### Aim of the exercise
From the first line to the last, please reproduce the material exactly, skipping the pictures.

BEGIN Given information

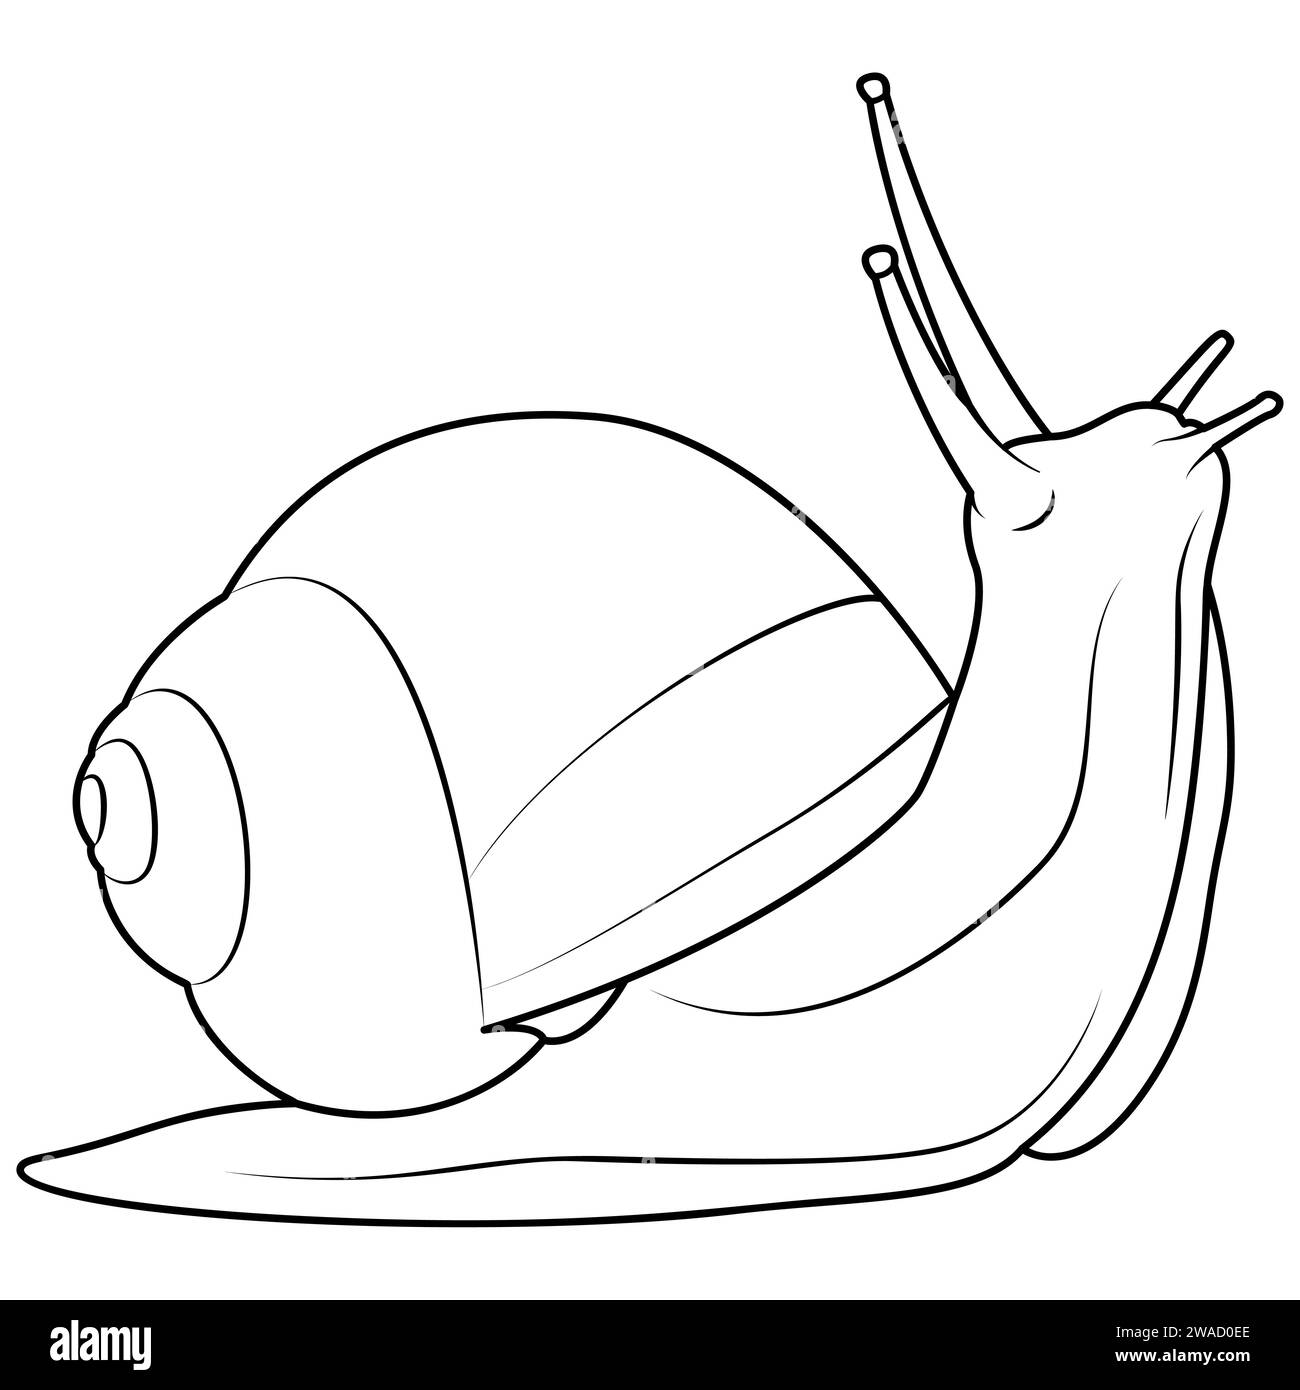 Jardin d'escargots Éléments vectoriels isolés sur fond blanc. Dessin minimaliste pour la conception d'emballage cosmétique, étiquette, logo, bannière ou page de coloriage d'impression. Illustration vectorielle Illustration de Vecteur
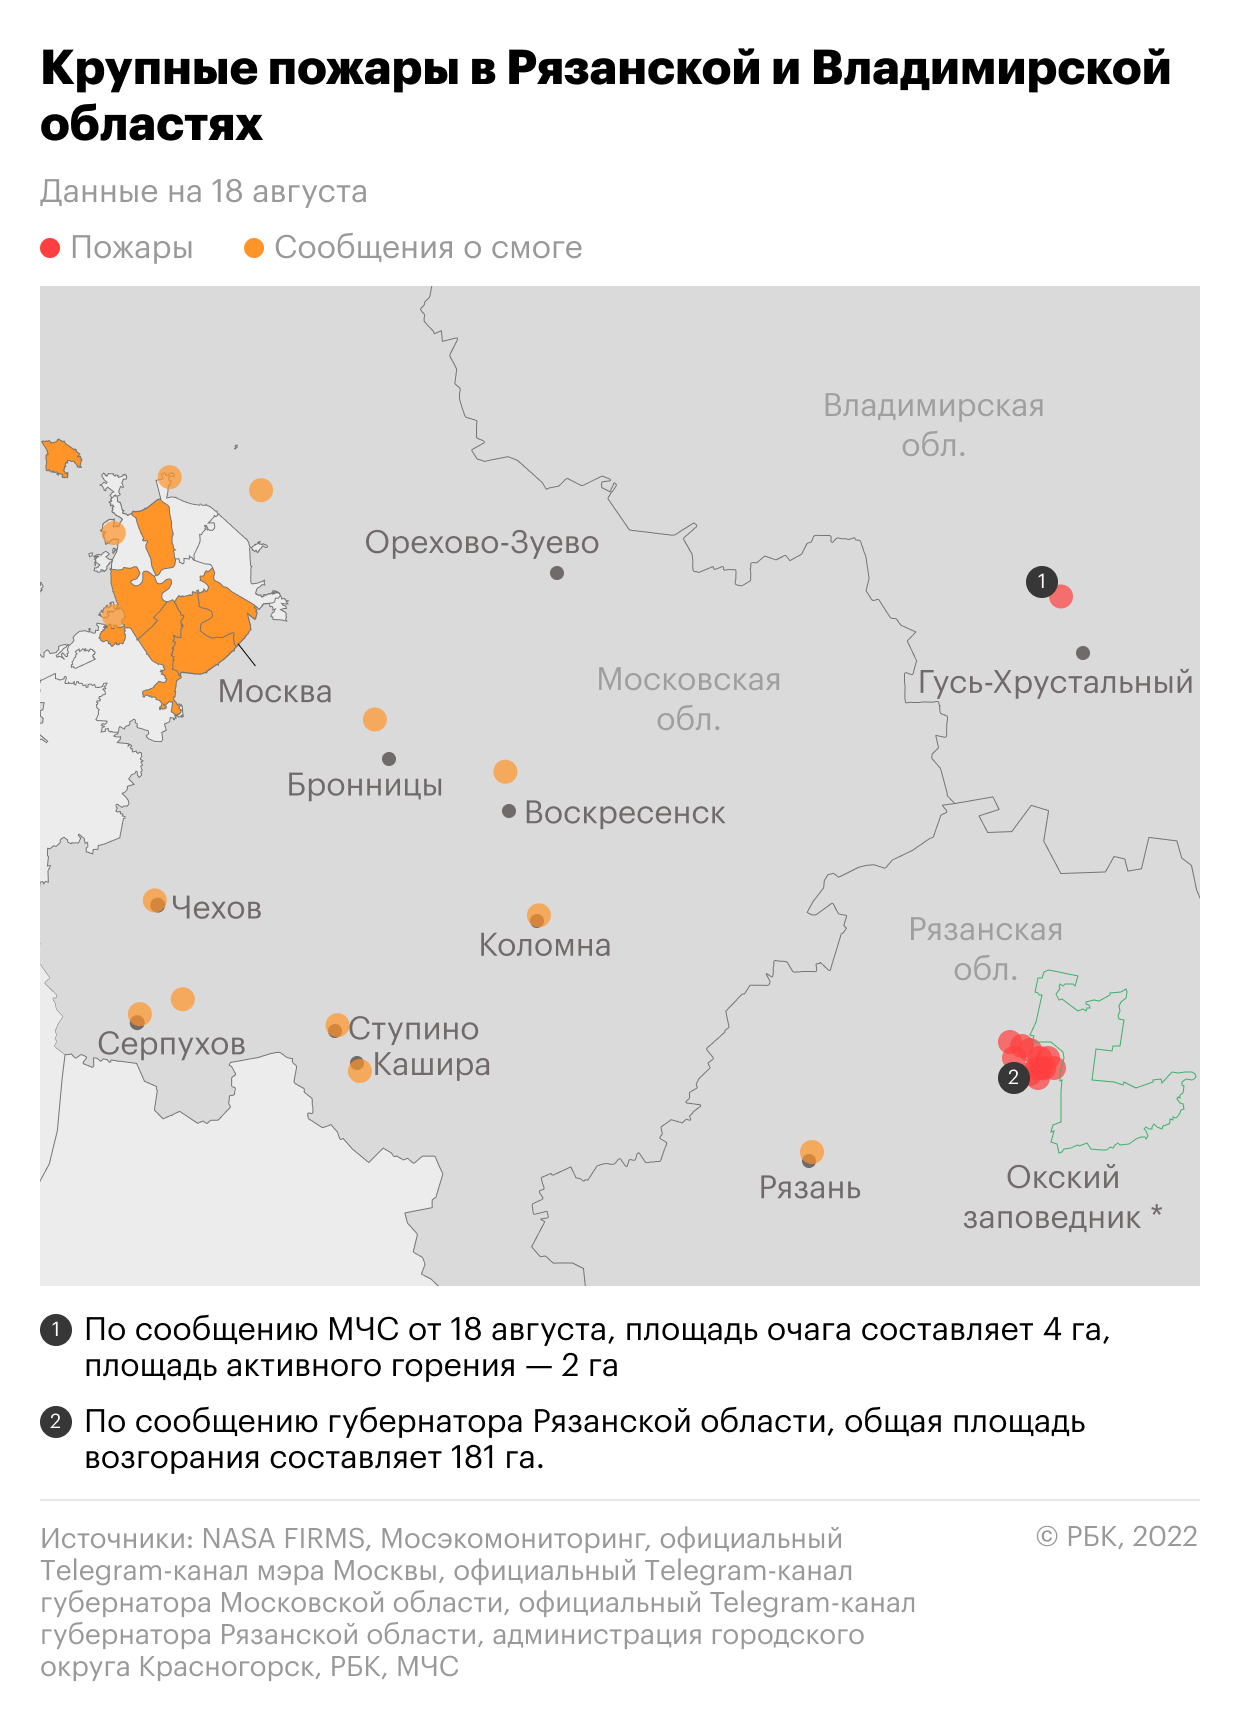 Последствия пожаров в Рязанской и Владимирской областях. Карта — РБК
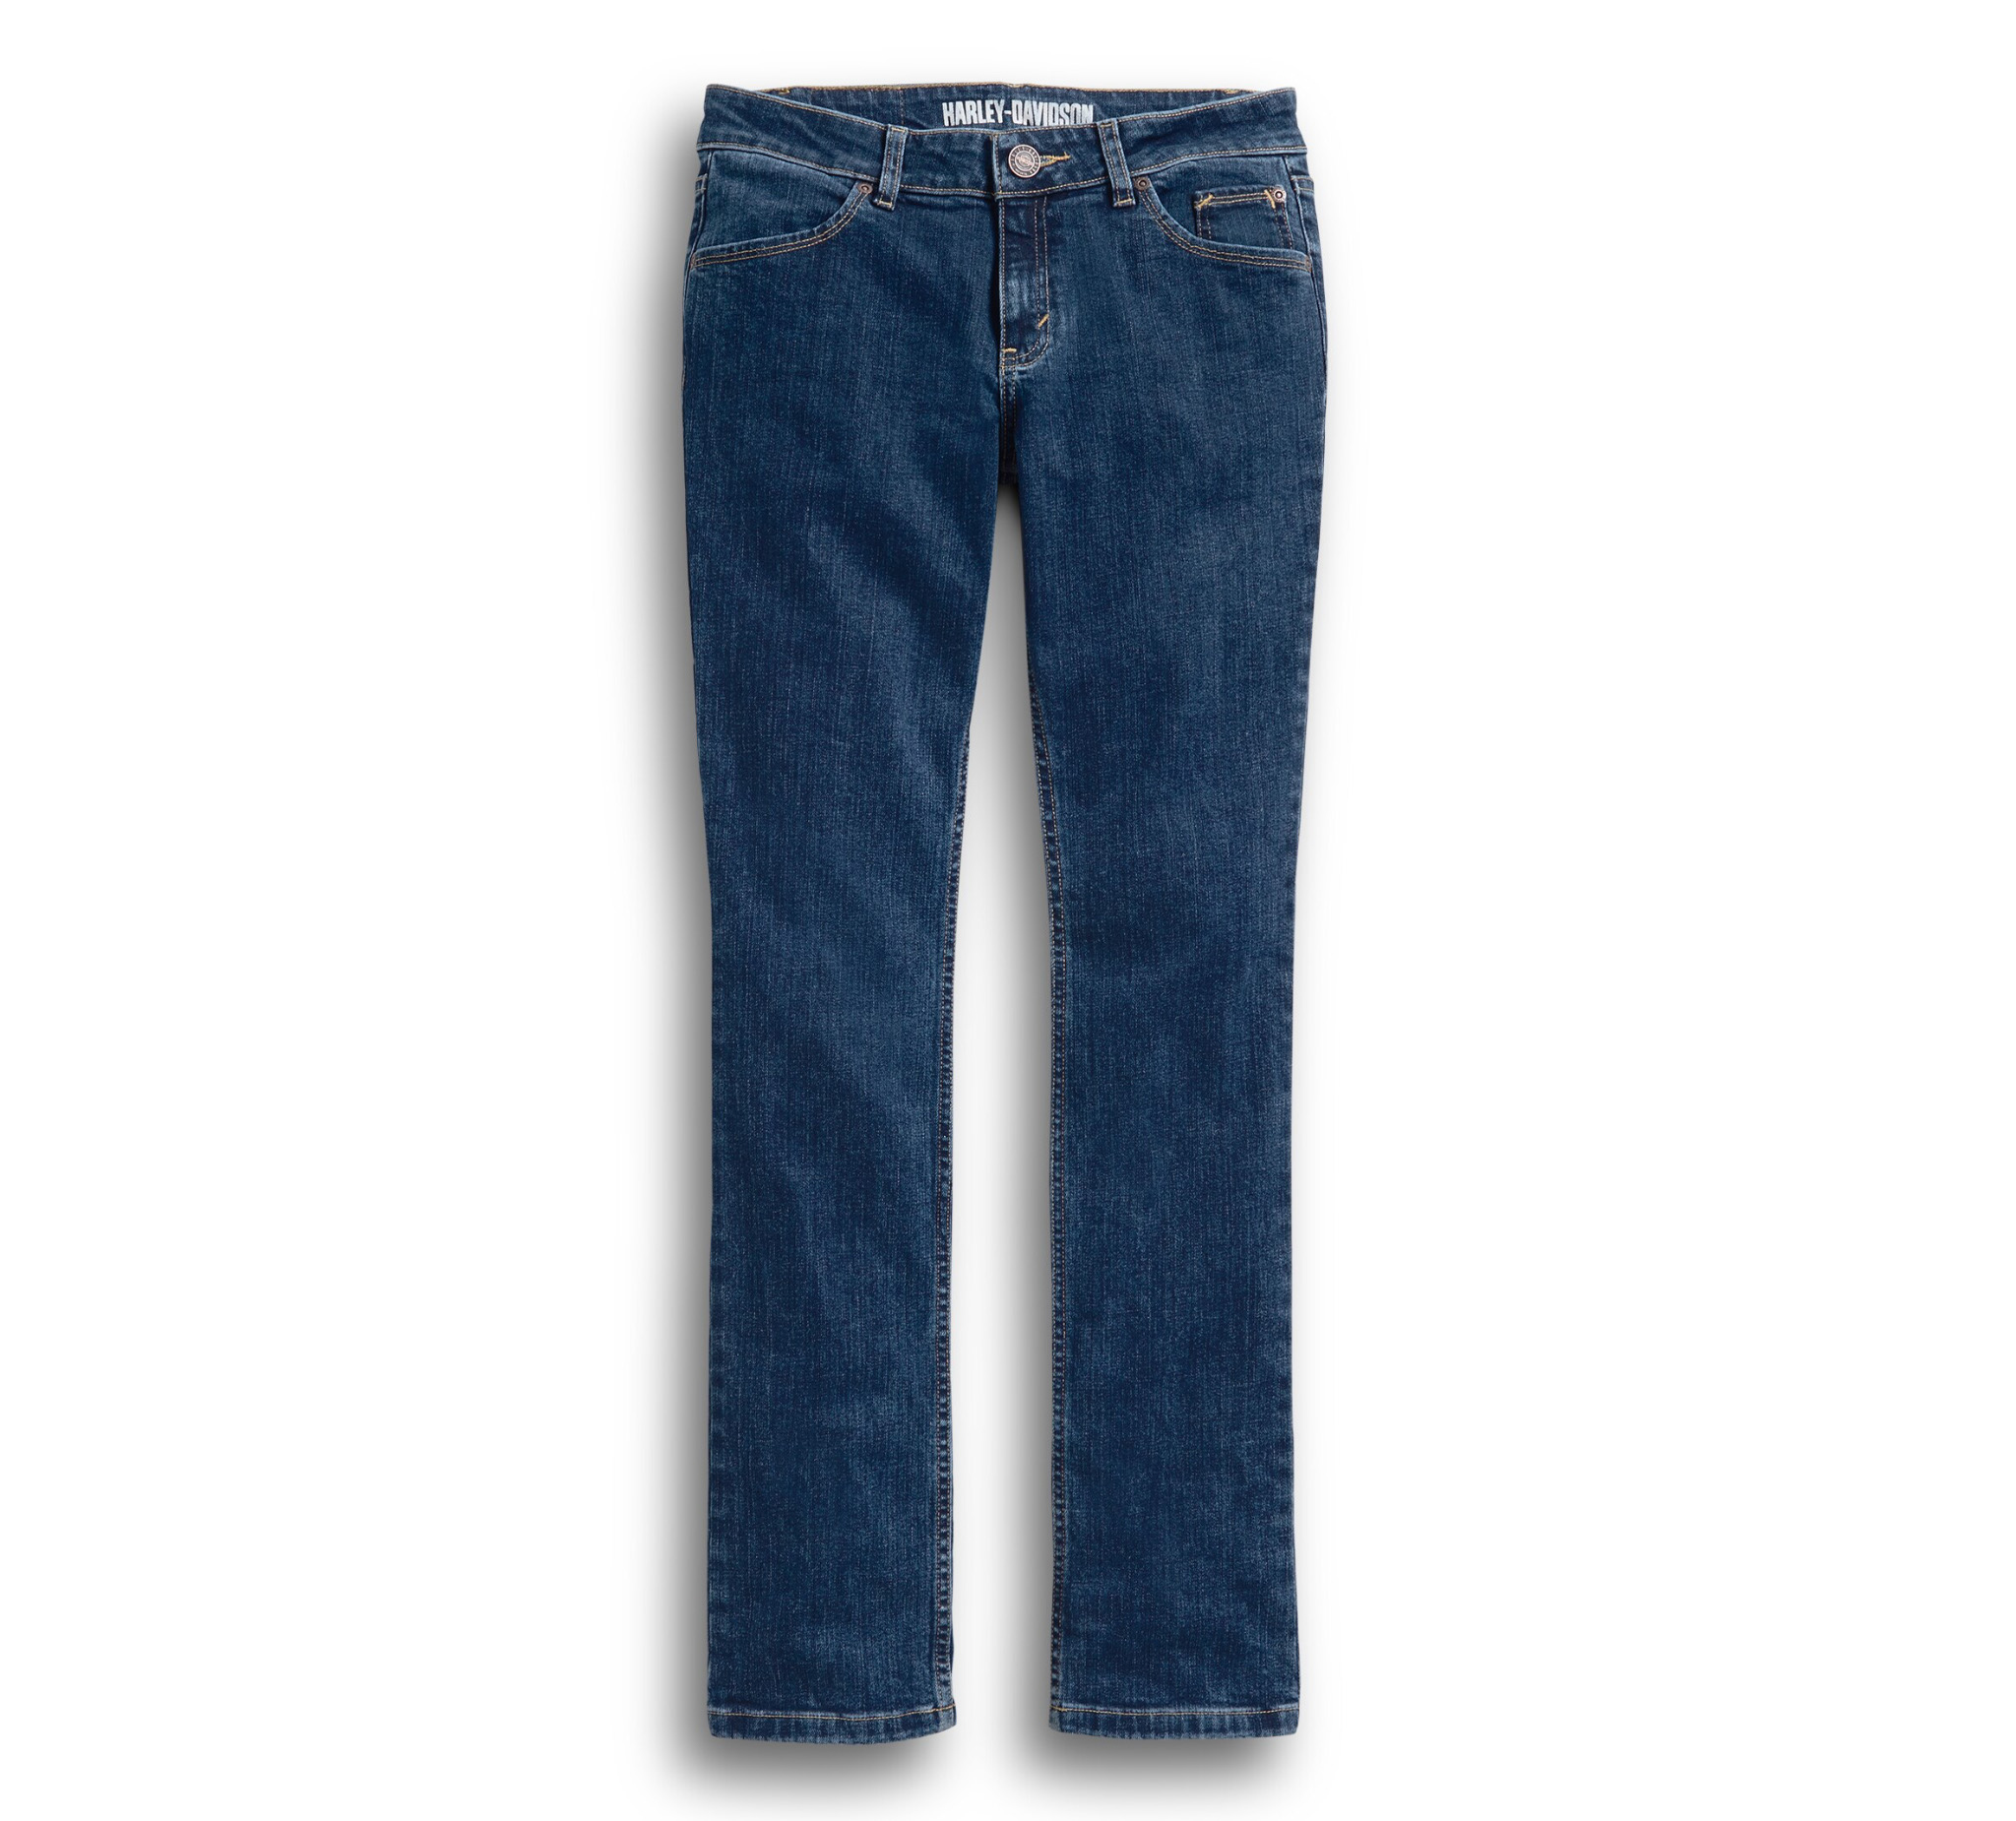 harley davidson blue jeans

END Given information

### Output for this task
 Jardin d'escargots Éléments vectoriels isolés sur fond blanc. Dessin minimaliste pour la conception d'emballage cosmétique, étiquette, logo, bannière ou page de coloriage d'impression. Illustration vectorielle Illustration de Vecteur
 Последствия пожаров в Рязанской и Владимирской областях. Карта — РБК
 harley davidson blue jeans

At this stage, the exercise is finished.